В Стендале воплотились многие противоречивые черты людей его поколения – храбрость и цинизм, мечтательность и черствость, искренность и эгоизм. Это обстоятельство даже побудило некоторых критиков заявить, что он «не только не был романтиком, но даже был настолько чужд своему веку, насколько это вообще возможно». Время кое-чему его научило… Политикой он был сыт по горло, ставя перед собой иную цель – стать просветителем. «Я должен накапливать опыт, иначе я погиб, как писатель». Но какой опыт можно почерпнуть в эпоху Реставрации? Если в реальной жизни правят негодяи, нужно, по крайней мере, попытаться создать достойный идеал в литературе. Художник имеет право, и даже обязан силой своего таланта «изменить жизнь».
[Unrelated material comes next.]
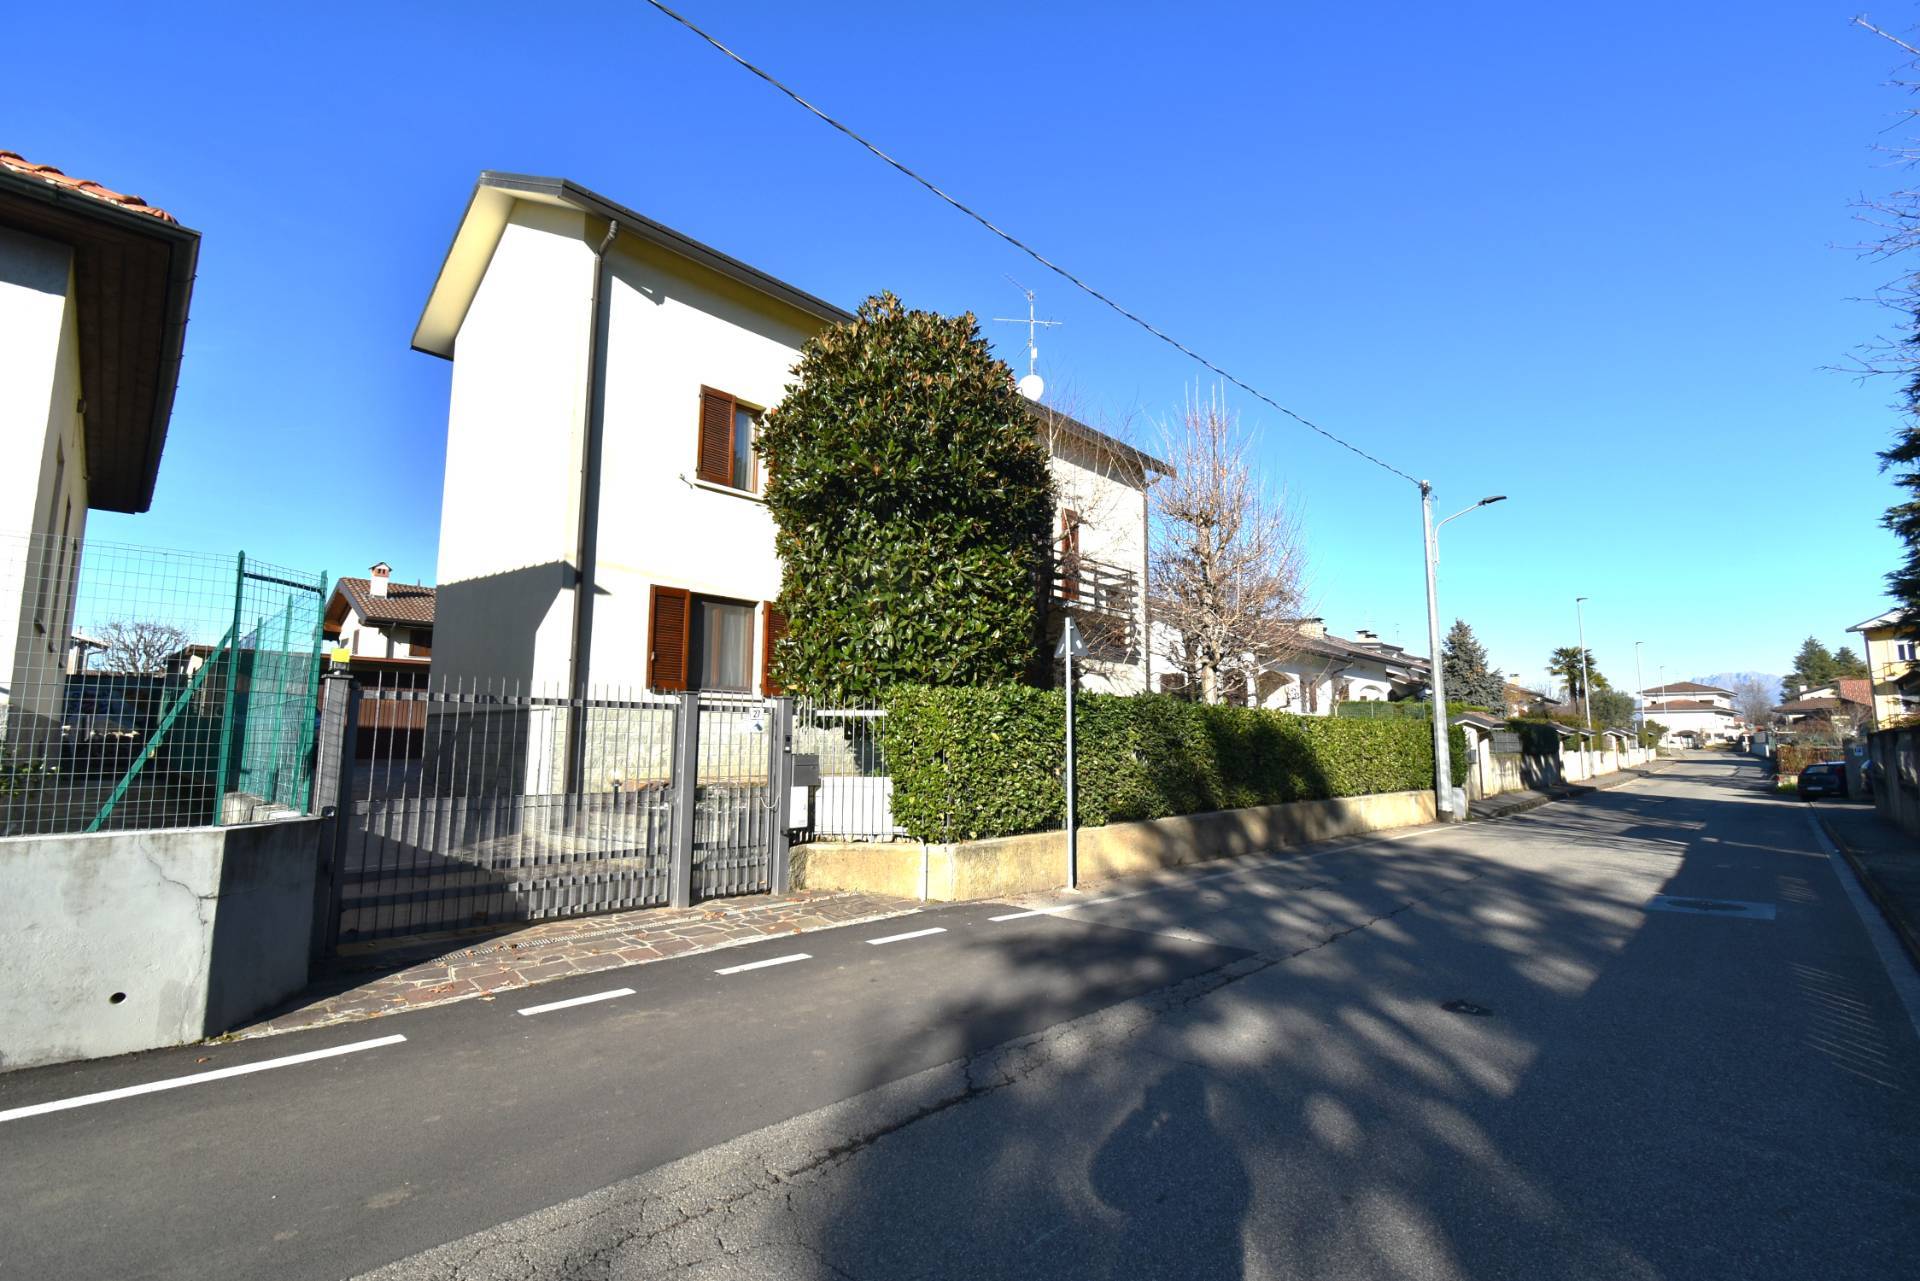 Villa in vendita a Bernareggio, 5 locali, prezzo € 380.000 | PortaleAgenzieImmobiliari.it
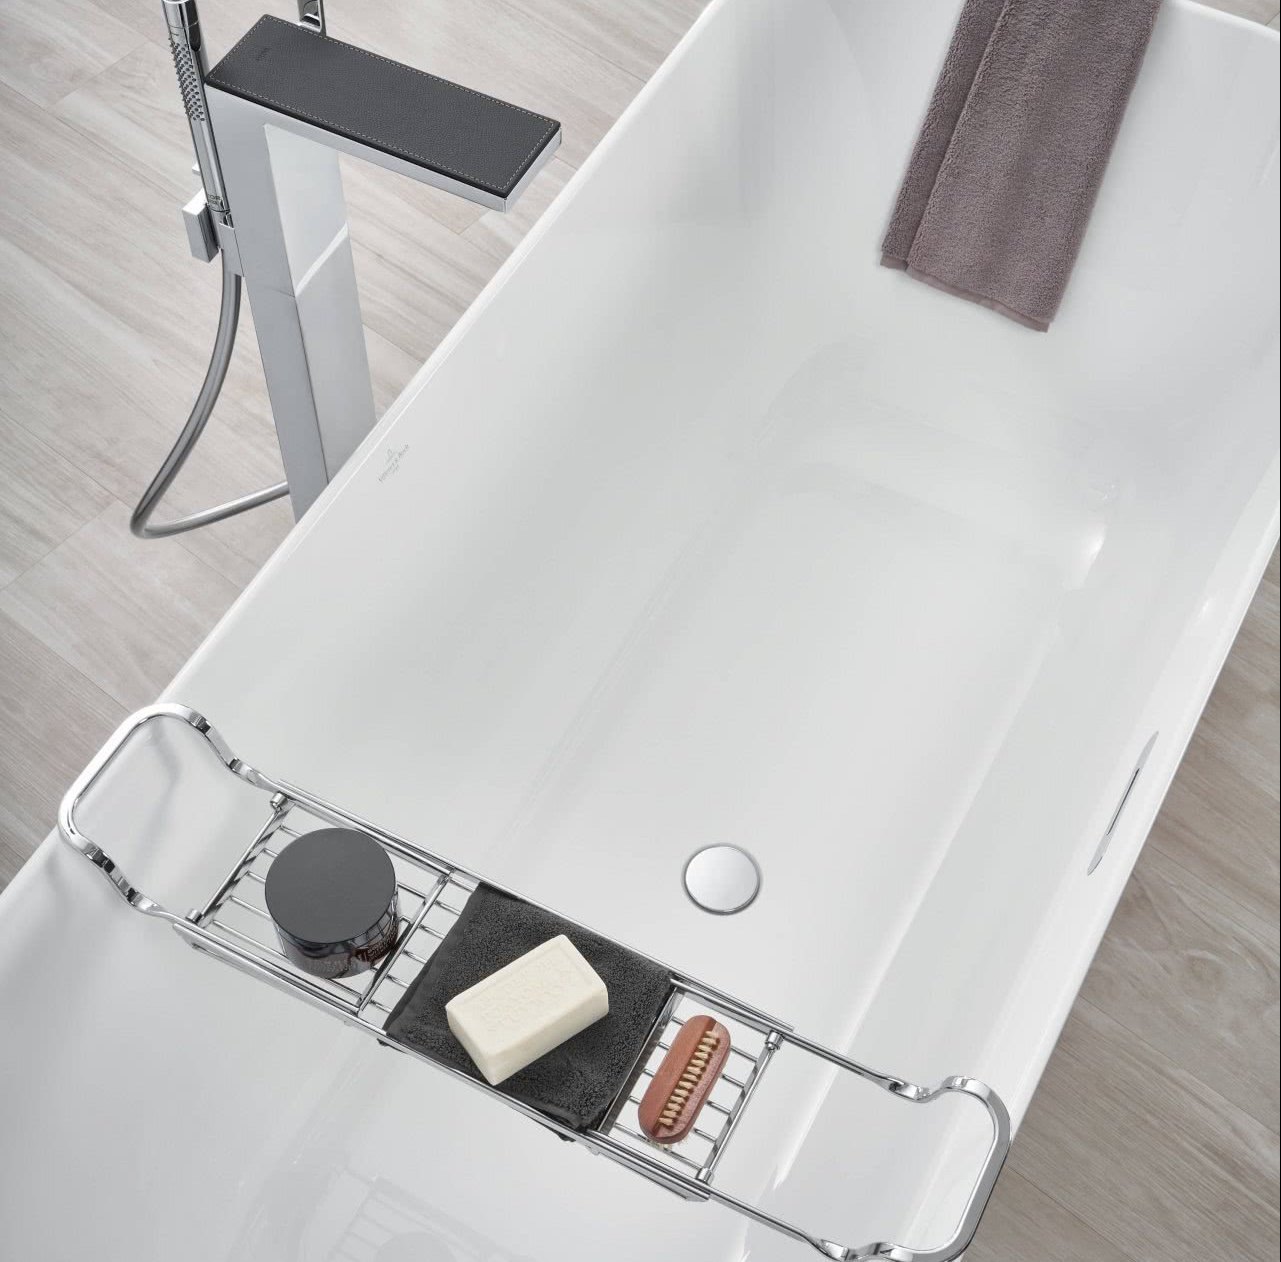 Loftbad mit Badewanne zum Entspannen Inspration BadeWelten

Стендаль стремится сделать главным действующим лицом его романов правду. Эту правду он старается постичь с помощью точных и верных методов науки. Еще в юности он записал в свой дневник: «Применить приемы математики к человеческому сердцу. Положить эту идею в основу творческого метода и языка страстей – в этом всё искусство». Первым эпиграфом к роману «Красное и черное» стали слова: «Правда, только правда» (позже девиз повторят писатели братья Гонкуры, говоря, что в их «Дневнике» – «полная правда о людях»)… Если Италия пробудила в Стендале романтика, то Россия с Францией (куда он вернулся после трагического похода), сделали его скептиком.
Теодор Жерико. Офицер императорских конных егерей во время атаки. 1812.